Just because a blitz looks like a jail break doesn’t mean that it isn’t precisely planned. Both Pryce and Pace run stunts: after attacking the blockers directly in front of them, each loops to his right. Taylor takes a wide approach to the quarterback, while Harris plunges through a gap to eat up the blocking back. Taylor and Harris create a lot of space on the left side of the offensive line, while Pryce and Pace pull their blockers out of position by stunting. All of the commotion on the offensive left allows Brown and Ihedigbo to charge in from the right with only one blocker to stop them. Ihedigbo gets the sack on this play, but two other Jets defenders were just a half-step behind him.
The blue double lines in the diagram show why Ryan can send two defensive backs on a blitz without worry. All Pro cornerback Darrelle Revis covers one wide receiver, a nickel cornerback covers an inside receiver, and a deep safety handles the tight end. On 3rd-and-long, Ryan can trust these defenders to play deep and not allow a first down. The only defender who gets safety support is cornerback Antonio Cromartie (31), a gambler who likes to jump routes in search of interceptions. Ryan can attack the quarterback from all angles and still give Cromartie some deep support in case he gambles and loses. Few coaches have this luxury.

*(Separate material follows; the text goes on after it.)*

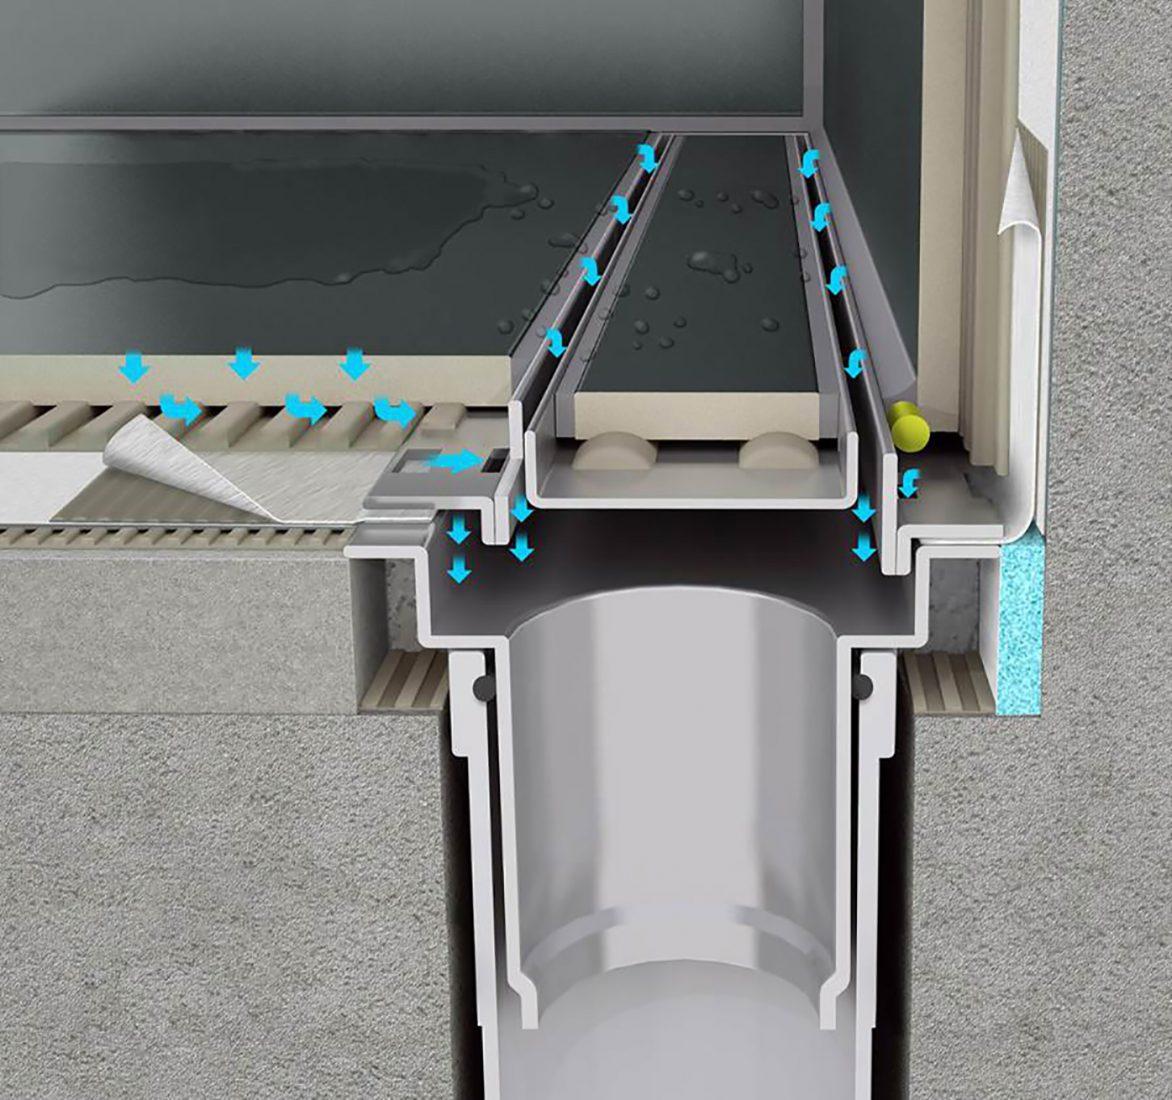 Duschrinnen ermöglichen einen flachen Bodenaufbau – der darunterliegende Rohranschluss kann aber auch vertikal durch die Decke verlaufen. Grafik: Gutjahr

With Revis covering Reggie Wayne, the other Jets defenders will have no trouble playing man coverage against the Colts’ depleted receiving corps. That means Ryan can use his full complement of blitzes. Peyton Manning is a hard quarterback to sack because he releases the ball so quickly, but if the Jets can force Manning out of his rhythm, they can force the Colts into the kind of low-scoring game Ryan prefers.
The Colts' offense has not changed much in the last decade. They line up with one running back and three receivers on most plays, often work from the shotgun, and use a no-huddle offense to give Peyton Manning an opportunity to call plays at the line. The Colts may only use a handful of formations, but they can run dozens of route combinations from each of them. As young receivers like Blair White have grown more comfortable with the Colts system, they have established the timing and precision needed to make the Colts’ deceptively complex system work.
The Colts are running mirror routes here: the receivers on the left are doing nearly the same thing as those on the right. The mirror concept allows Manning to quickly switch from right to left if defenders start rolling to one direction. Both tight end Jacob Tamme (84) and slot receiver White (15) pretend to run out-routes, cutting toward the sidelines before quickly turning upfield on skinny post routes. The Colts run a lot of out-routes with their inside receivers, so it is only natural that the defender covering White bites hard on his fake. White gets inside the defender, and because the safeties are so deep, there’s a wide throwing lane for Manning.
The Jets do not want to be forced into predictable coverage schemes, but the Colts often leave opponents no choice. How Rex Ryan counteracts “ordinary” plays like this will determine whether the Jets can keep the game low-scoring enough to produce a win.